[News] Palestine’s Crisis of Leadership: Did Abbas Destroy Palestinian Democracy?

Anti-Imperialist News news at freedomarchives.org
Fri Sep 4 14:57:02 EDT 2015


September 4, 2015


  Palestine’s Crisis of Leadership: Did Abbas Destroy Palestinian
  Democracy?
  <http://www.counterpunch.org/2015/09/04/palestines-crisis-of-leadership-did-abbas-destroy-palestinian-democracy/>

by Ramzy Baroud <http://www.counterpunch.org/author/ramzy-baroud/>

*http://www.counterpunch.org/2015/09/04/palestines-crisis-of-leadership-did-abbas-destroy-palestinian-democracy/* 


The crisis of leadership throughout Palestinian history did not start 
with Mahmoud Abbas and will, regrettably, be unlikely to end with his 
departure.

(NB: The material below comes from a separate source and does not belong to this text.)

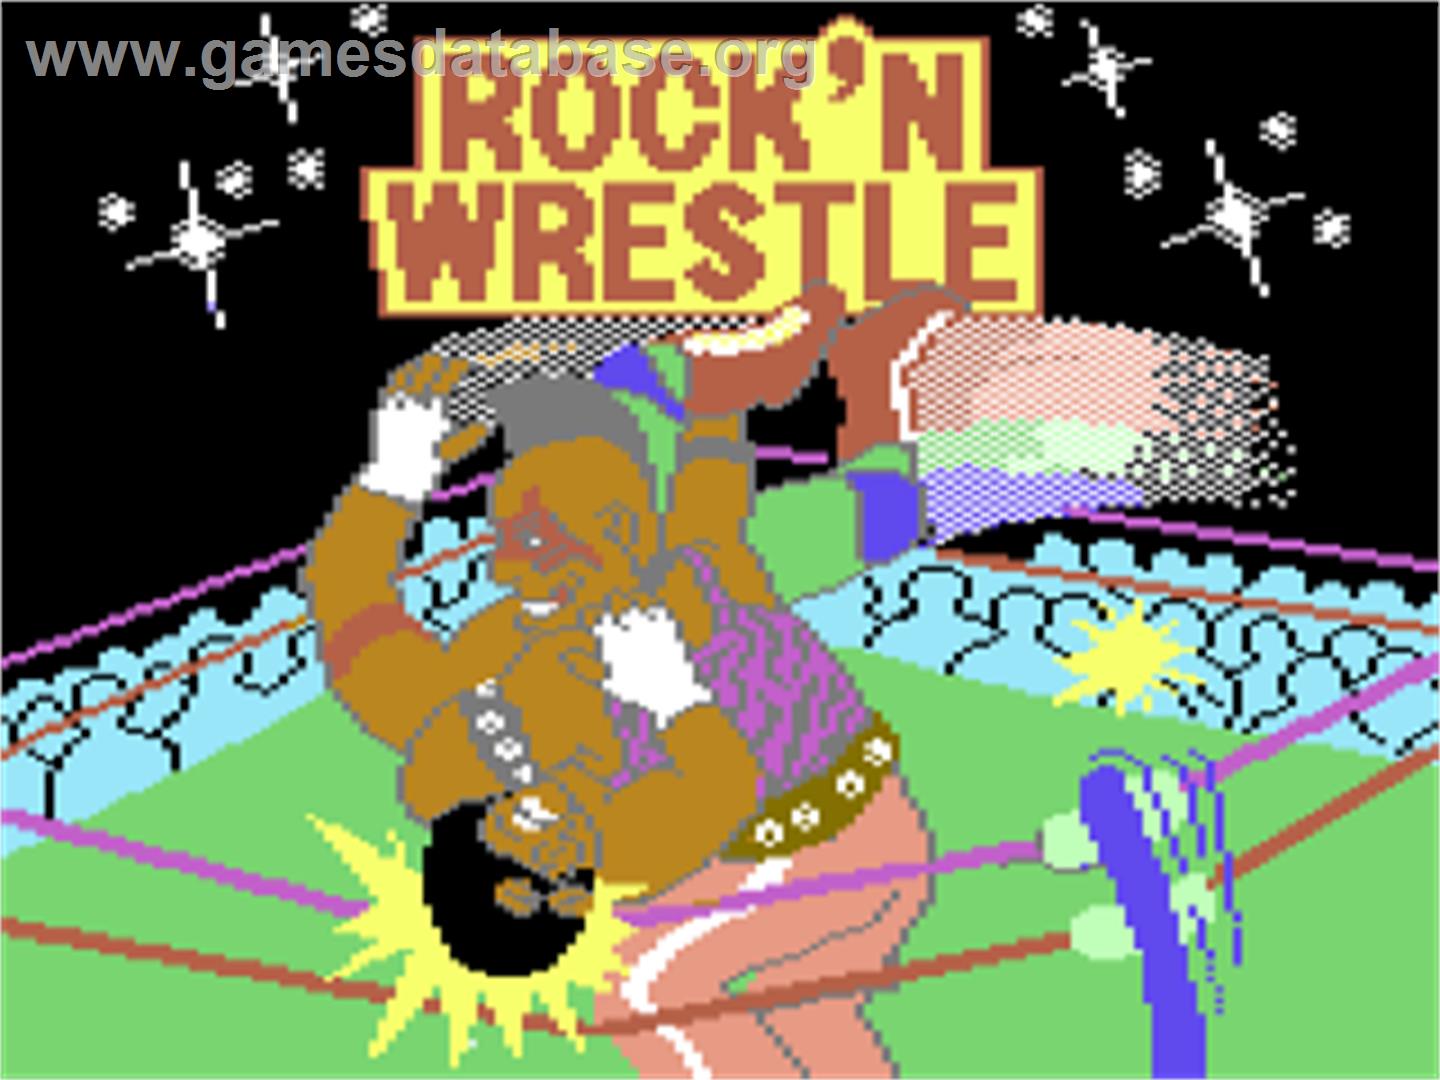 Rock'n Wrestle - Commodore 64 - Artwork - Title Screen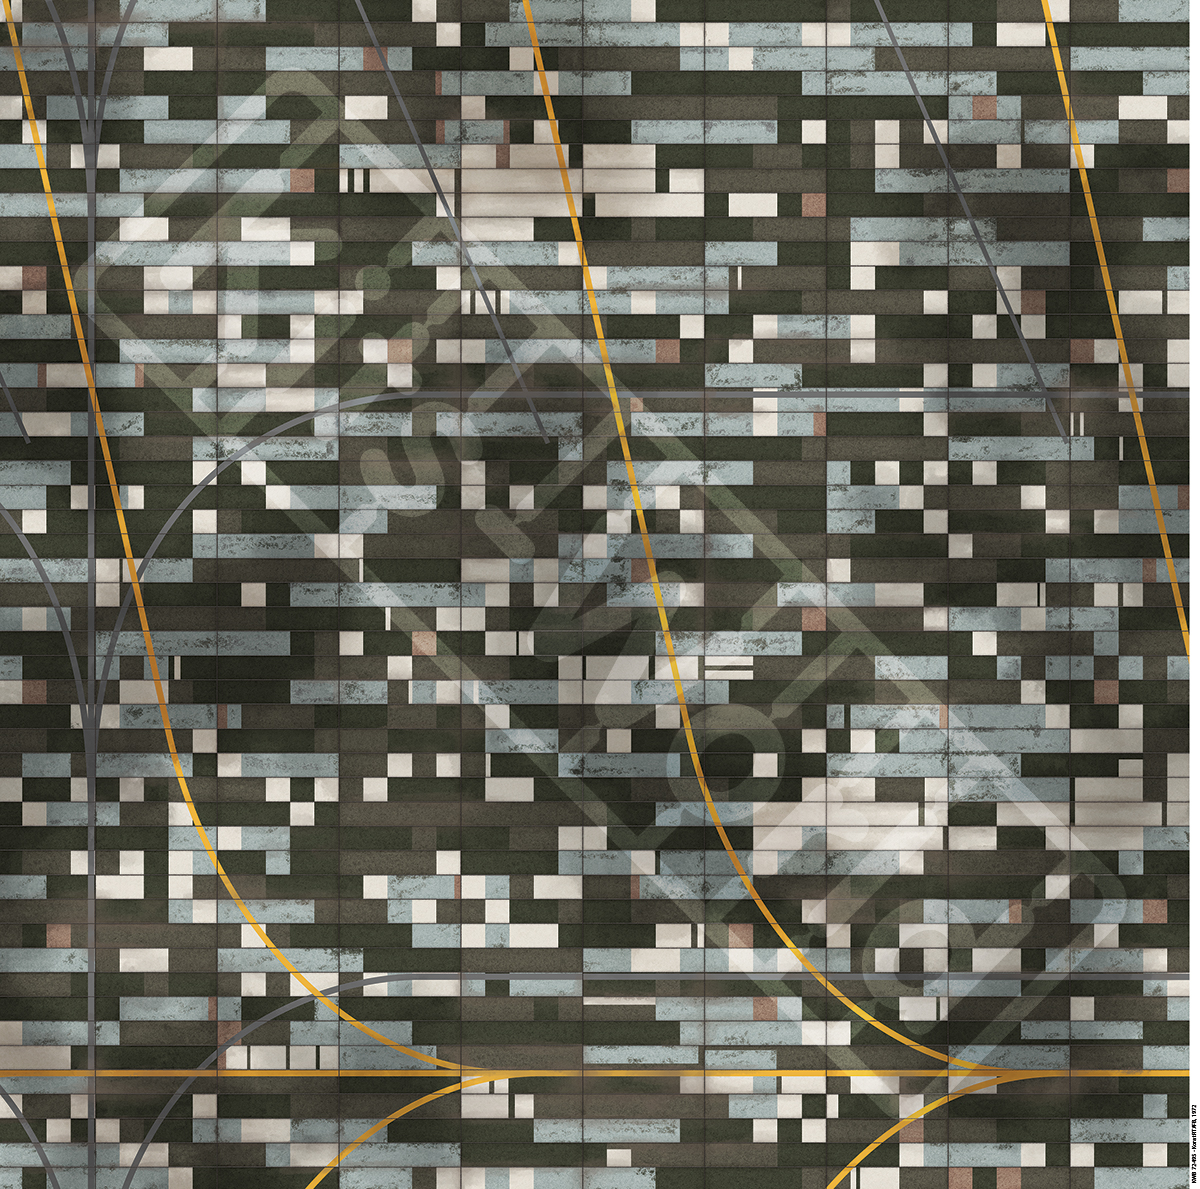 Kitsworld Diorama Adhesive Base 1:72nd scale - Korat RTAFB- 1972 KWB 72-495 Korat RTAFB, 1972 GPS- 14º55’47.83” N  102º04’45.01” E (General location)

Although Abbas has, perhaps, done more damage to the 
credibility of the Palestinian leadership than any other leader in the 
past, he is also a by-product of a process of political fraud that 
started much earlier than his expired Presidency.

Abbas’ unforeseen announcement on August 27 that he, along with a few 
others, will resign from the Palestine Liberation Organization (PLO) 
Executive Committee and his call for an emergency session of the 
Palestine National Council (PNC) is a testament to his poor management.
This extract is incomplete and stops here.